Strengths and limitations
Our study is one of the earliest attempts to quantity the extent to which ineligible children are receiving SMC medicines. The large dataset used, and statistical power of our analyses are major merits of the study. The mixed-effects regression approach use in fitting the model, with random intercepts for cluster units (wards) has the advantage of being to appropriately model data with observations that are nested in hierarchical data as with the dataset used in our study, while helping to account for the potential for clustering effect[24]. Overall, our findings provide important evidence on the magnitude and factors associated with the problem, thereby providing useful insights that can help to guide the articulation and deployment of context-specific programme improvement strategies in future SMC campaigns.
A major limitation of the study is that our analytic sample may not be representative of the general population of children aged 5–10 years in the study setting, as ineligible children were sampled from households with SMC eligible children during the same. It is likely that the current estimates of receipt of SMC by ineligible children are overestimated given this consideration. As such, the findings may not have limited generalizability to the wider population of older children in the study setting or similar contexts. Another limitation is the survey’s reliance on self-reporting by caregivers for information about children’s receipt of SMC which are prone to social desirability and recall biases.
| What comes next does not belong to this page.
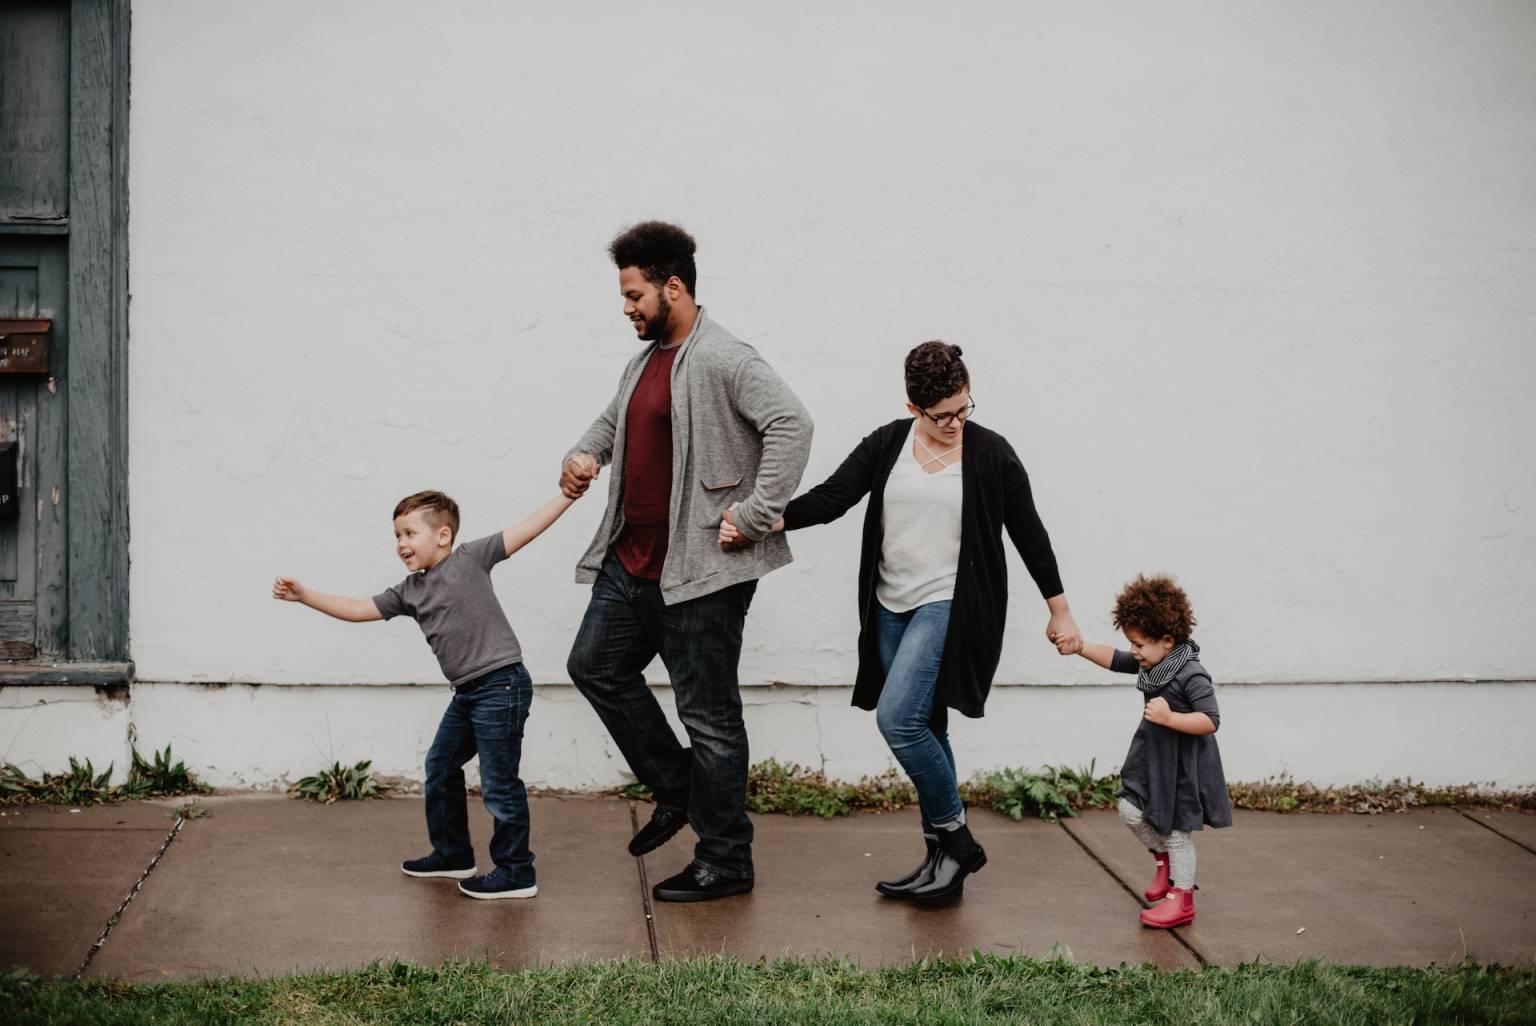 Una familia compuesta de dos padres y dos hijos pequeños camina por la calle sonriendo. Los cuatro se llevan de la mano.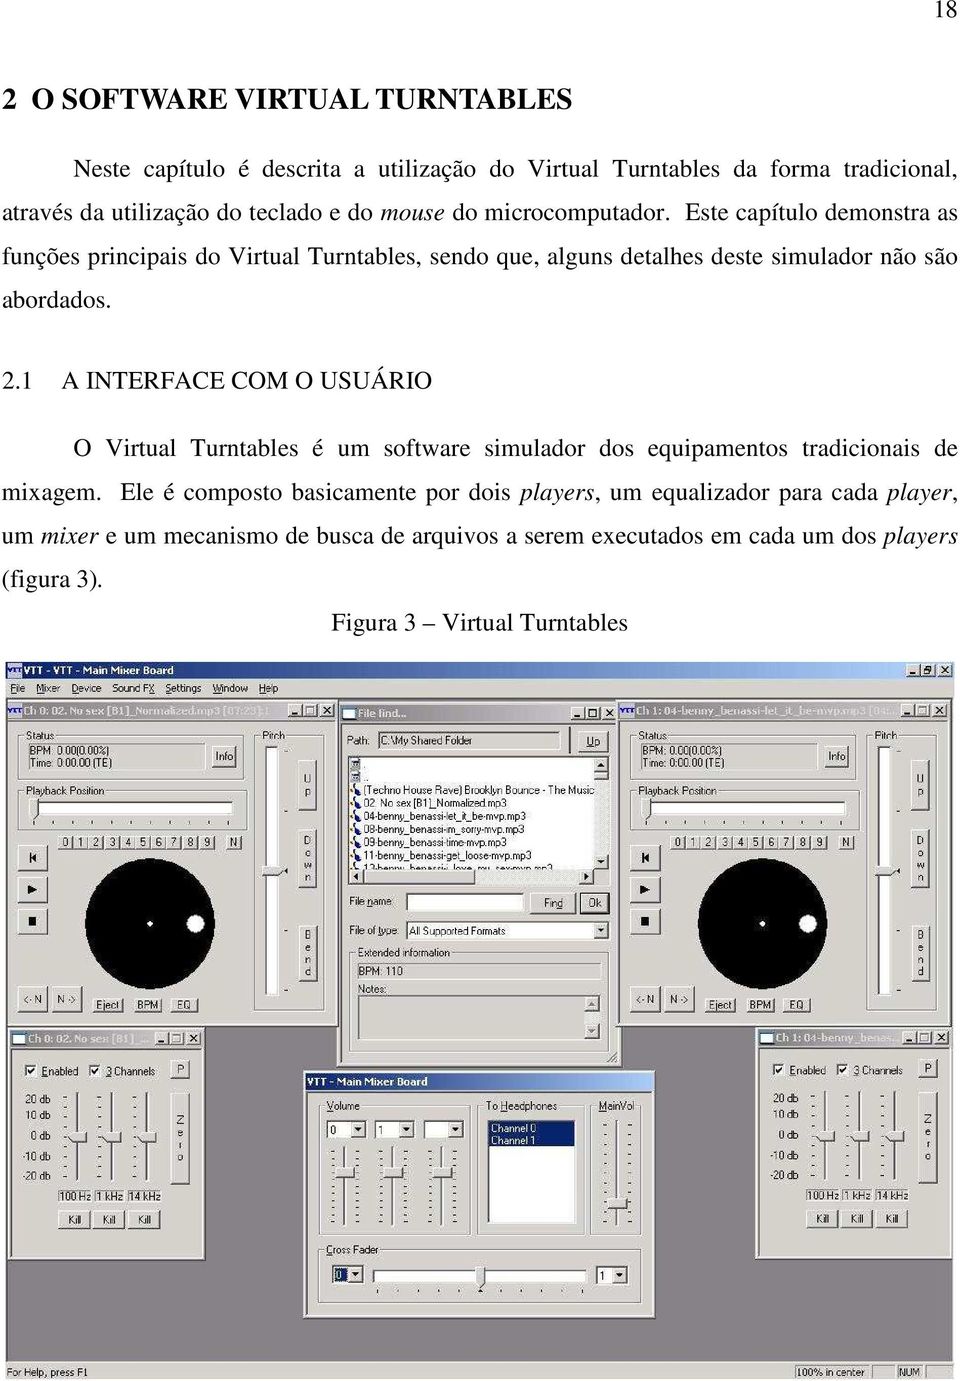 1 A INTERFACE COM O USUÁRIO O Virtual Turntables é um software simulador dos equipamentos tradicionais de mixagem.

Implications for further research
Given these limitations, future assessments should consider a more representative sample of older children by sampling from households irrespective of whether they have SMC-eligible children or not. Further quantitative studies may need to assess factors influencing administration of SMC to age-ineligible children from the perspectives of other stakeholders such as community distributors. The findings also underscore the need for qualitative studies to explore and more deeply understand the individual and contextual factors associated with the administration of SMC medicines to children who are ineligible to receive the medicines. Furthermore, future research may also be needed to assess the impact of such occurrences on SMC coverage, adherence to the full three-day course, effectiveness, cost-effectiveness, and the prevalence of resistance markers.